The motor unit 11 is shown in more detail in FIGS. 2 and 3. The
unit comprises an electric D.C. motor which comprises a generally
drum-shaped armature 20 composed of forty lamellae 21, each
consisting of about 0.65 mm thick sheet iron plates having an
external diameter D.sub.e of 32 mm, which are arranged in parallel
to form a package having an overall length L of 26 mm (FIG. 2).
Each lamella 21 has in its outer annular zone twelve radial lamella
cutouts 22, and the internal diameter D.sub.i of the lamella
between the deepest ends of two diametrically opposite cutouts 22
is 16.7 mm. The lamellae 21 in the stack thereof forming the
armature 20 are superimposed upon each other so that the cutouts
register with one another and form twelve axially extending
channels 26 in the external surface of the armature 20. Each of
these channels houses portions, shown in cross section only in a
single cutout 22 for the sake of clarity, of a hard copper wire 23.

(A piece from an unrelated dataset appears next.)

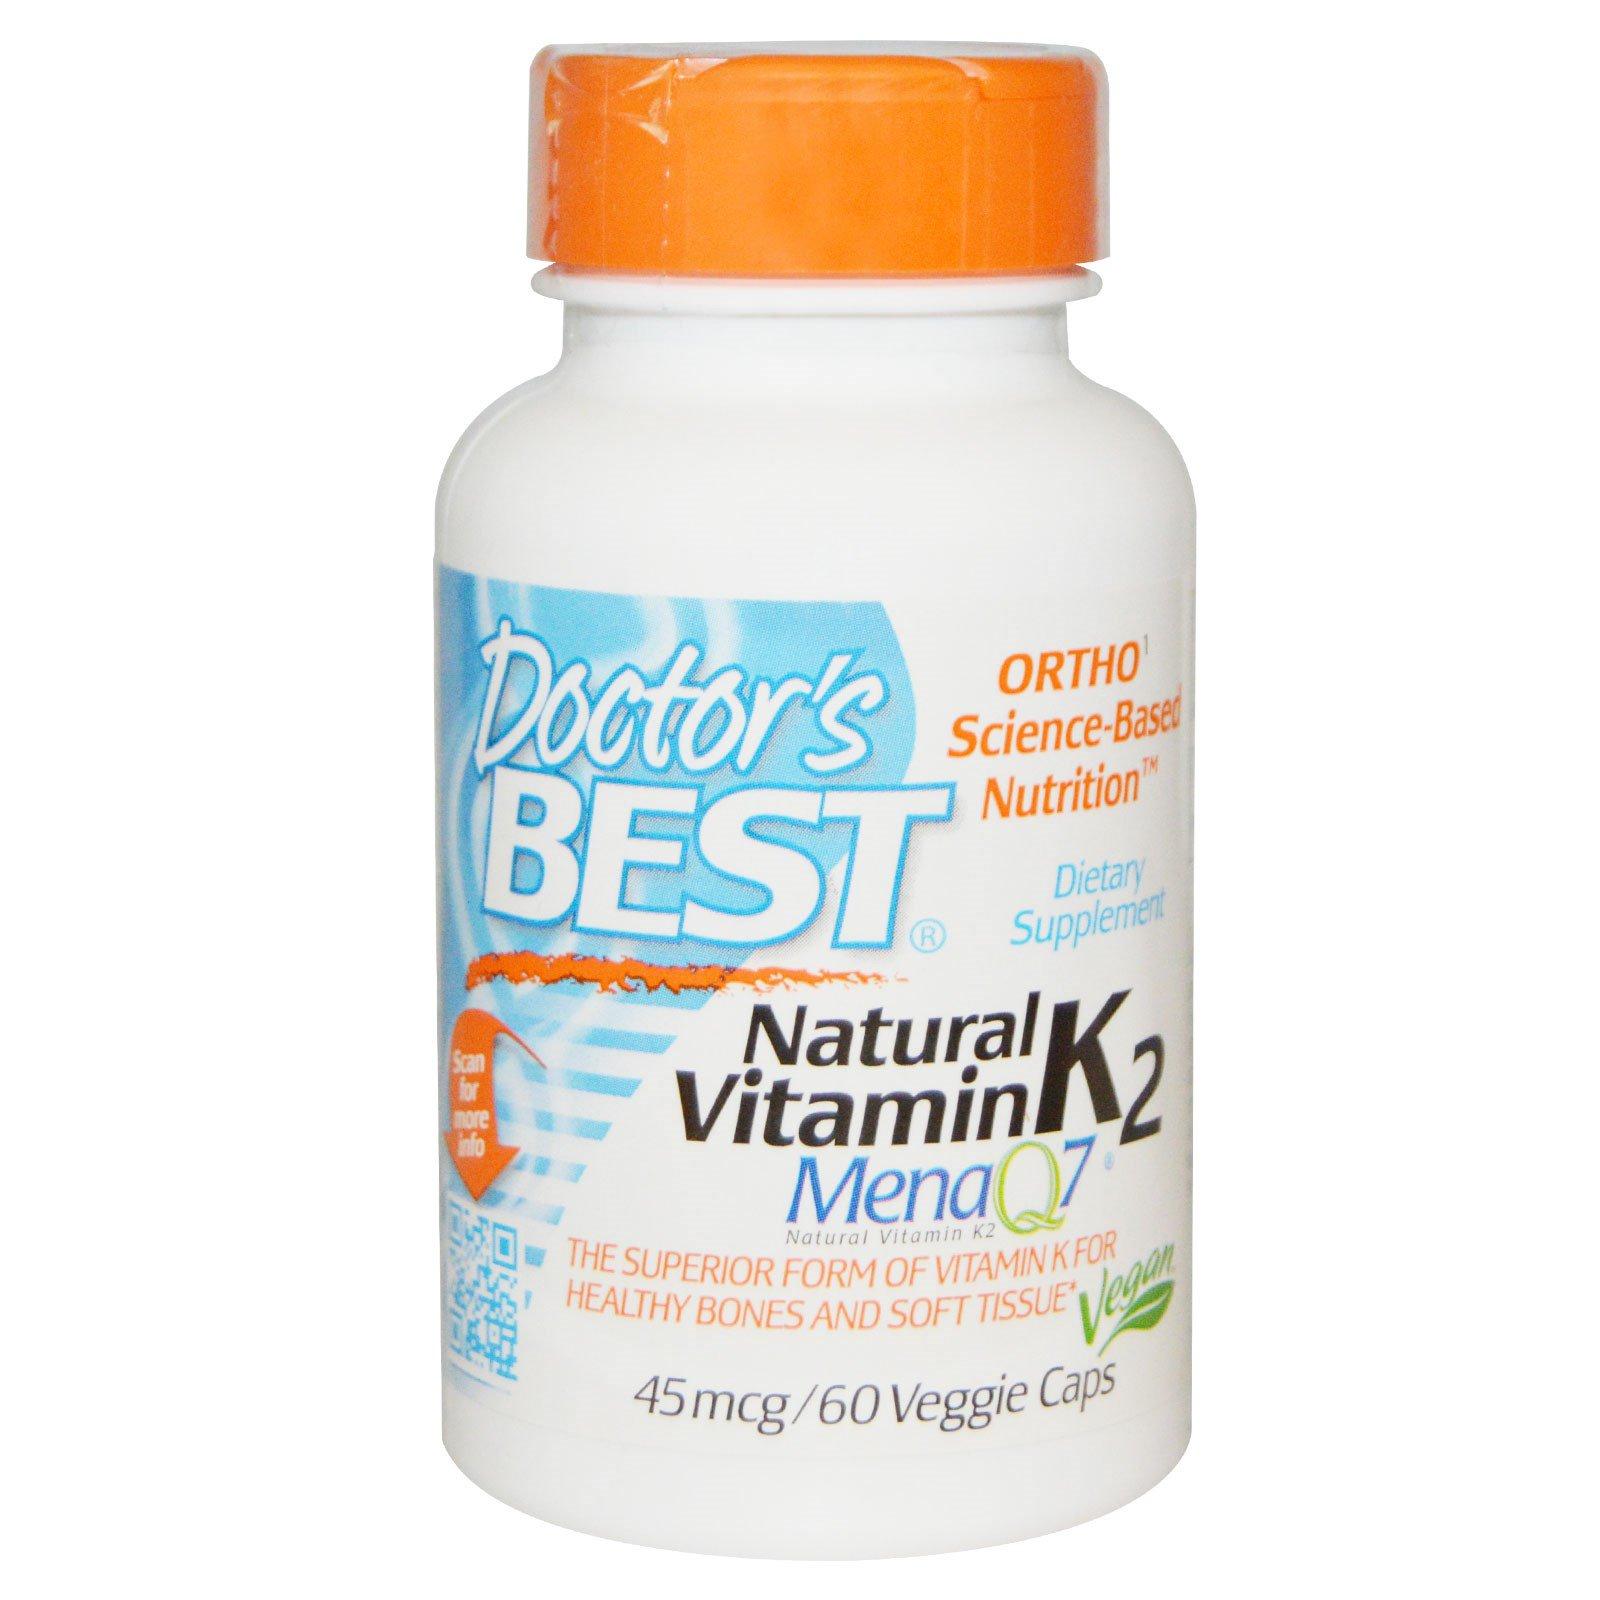 Doctor's Best, Натуральный витамин K2, Mena Q7, 45 мкг, 60 растительных капсул
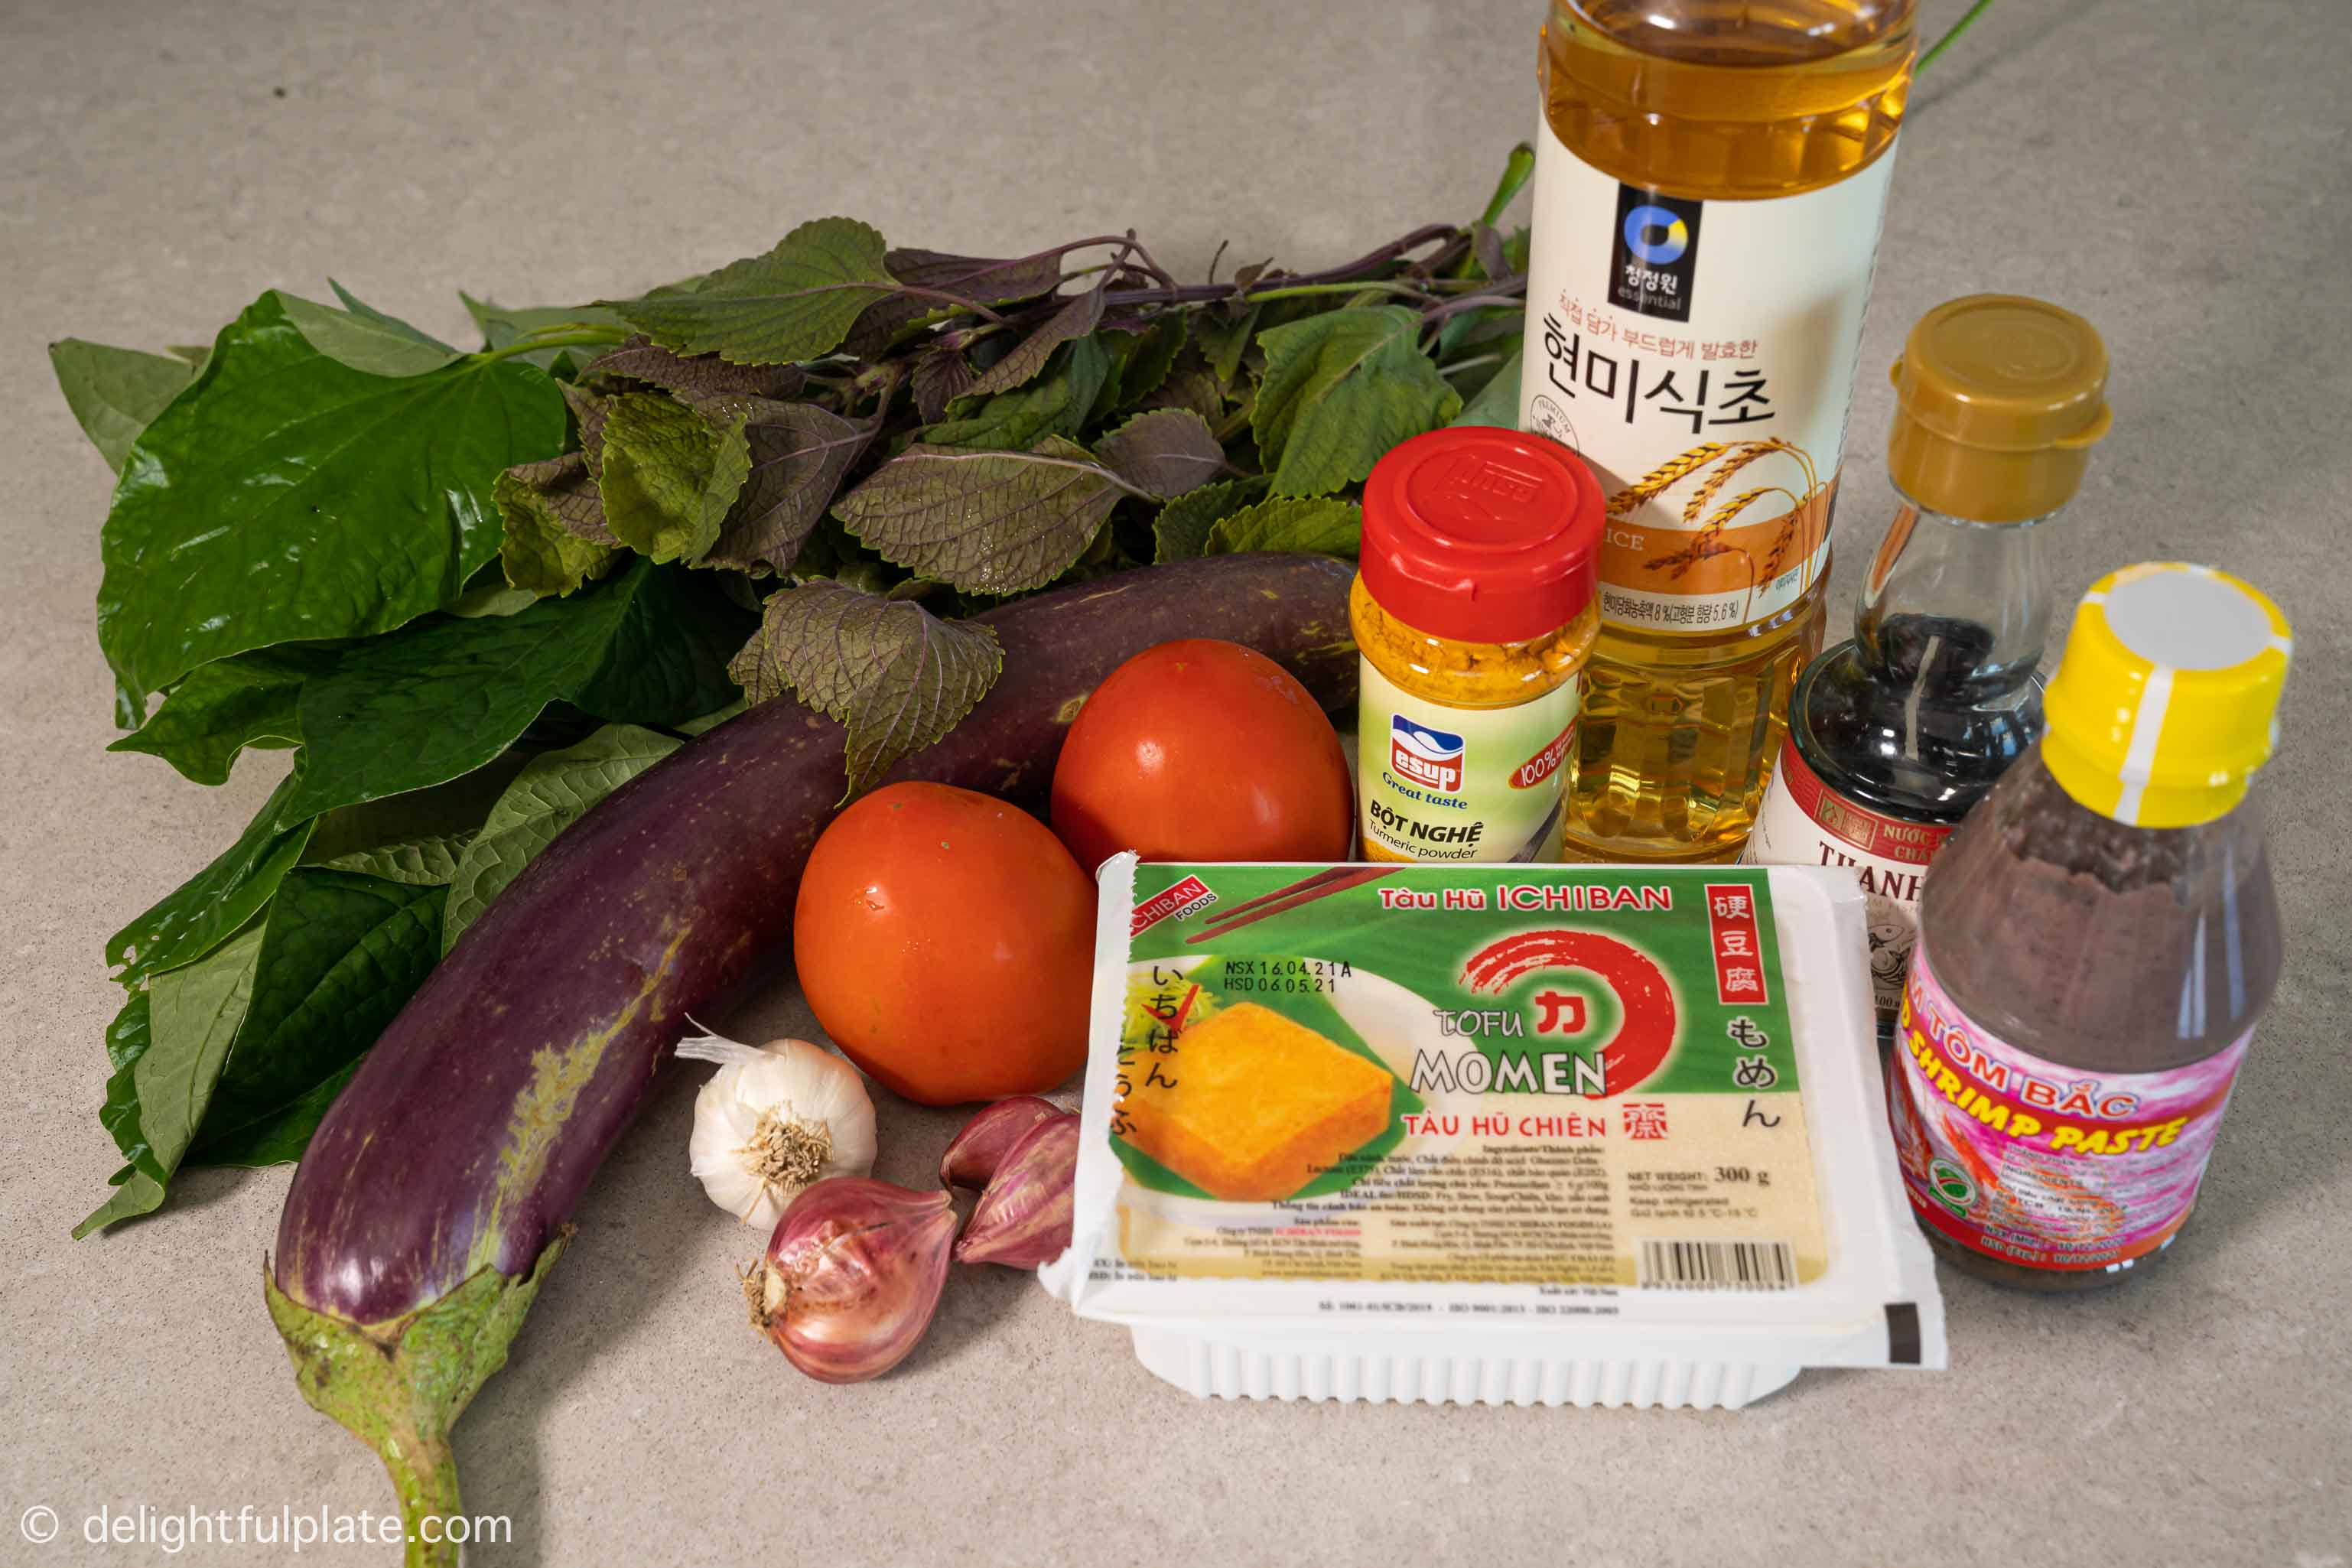 Ingredients for Vietnamese turmeric braised ribs

This copper wire has a diameter of 0.56 mm. Windings of this copper
wire are wound about the armature in loops, so that 32 wire
portions fill each of the channels 26, each loop consisting of two
such portions and having a length of about 60 to 70 mm, i.e. a bit
more than double the length of the armature. The wire windings are
formed by pieces of wire having a length of about one meter, so
that each such piece of wire can be wound in about sixteen loops
from the rear end of the motor about the armature 20 through the
channels 26 of the latter. The two free ends of each piece of wire
are soldered to different collector segments 24 of a collector 25
which is mounted fixedly on a driving shaft 14 in common with the
armature 20 for rotation in unison therewith.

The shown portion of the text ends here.